Task requirements
Output only the lines below that start at the line containing "Конкурсы англ язык." and end at the line containing "Romans syreny portowej", with both ends kept.
** Dataset entries follows **
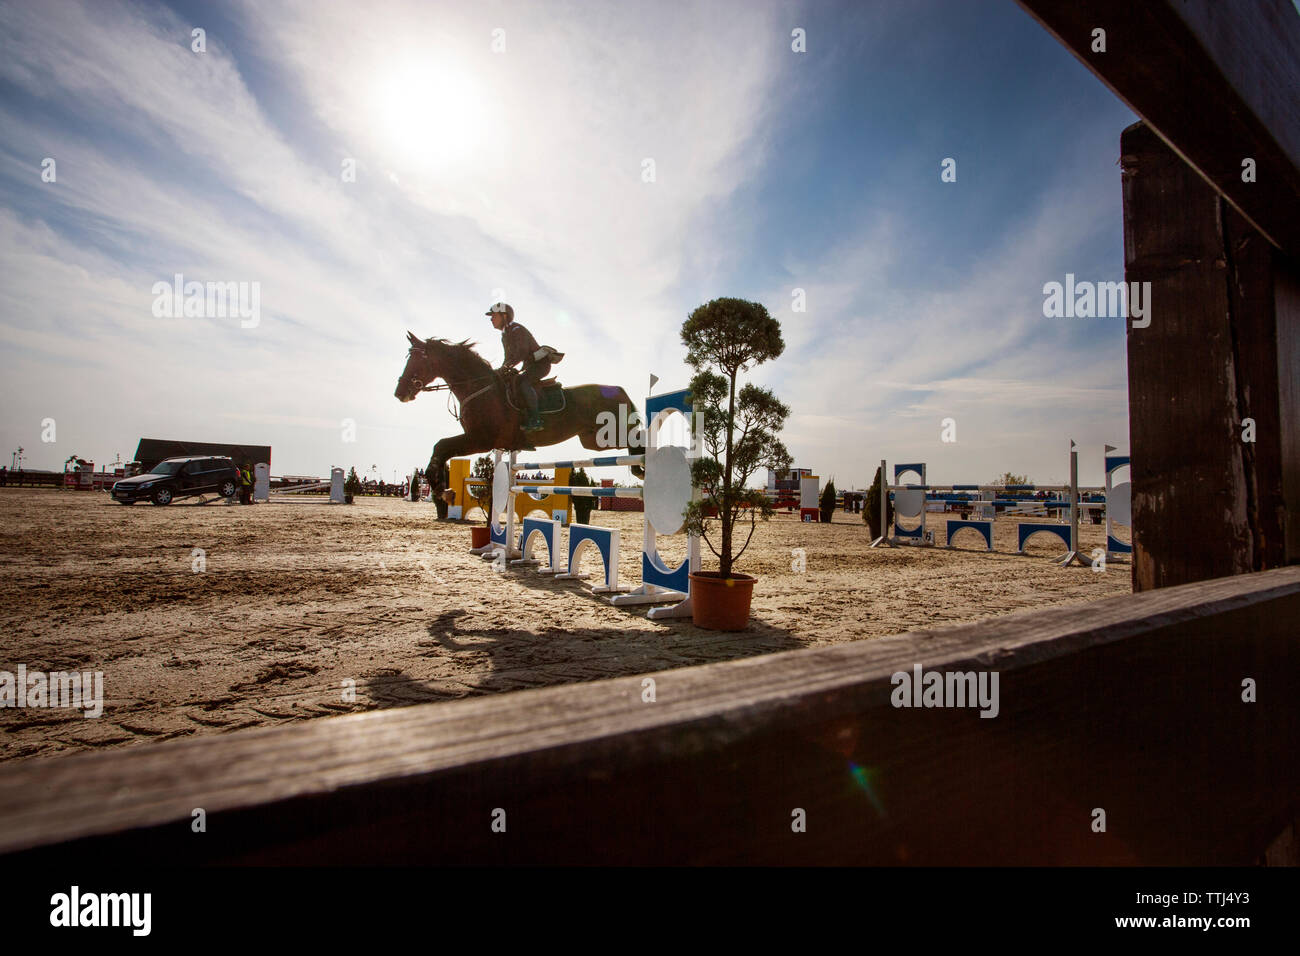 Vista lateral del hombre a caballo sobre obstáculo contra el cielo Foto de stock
** End of Dataset entries **
** Dataset entries follows **
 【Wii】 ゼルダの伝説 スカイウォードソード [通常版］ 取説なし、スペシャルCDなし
** End of Dataset entries **
** Dataset entries follows **
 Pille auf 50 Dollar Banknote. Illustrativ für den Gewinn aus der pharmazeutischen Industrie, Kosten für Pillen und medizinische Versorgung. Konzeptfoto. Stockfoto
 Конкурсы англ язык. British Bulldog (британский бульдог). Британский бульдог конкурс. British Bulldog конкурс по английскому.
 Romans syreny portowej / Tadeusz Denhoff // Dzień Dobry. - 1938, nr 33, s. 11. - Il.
** End of Dataset entries **
Exercise solution
 Конкурсы англ язык. British Bulldog (британский бульдог). Британский бульдог конкурс. British Bulldog конкурс по английскому.
 Romans syreny portowej / Tadeusz Denhoff // Dzień Dobry. - 1938, nr 33, s. 11. - Il.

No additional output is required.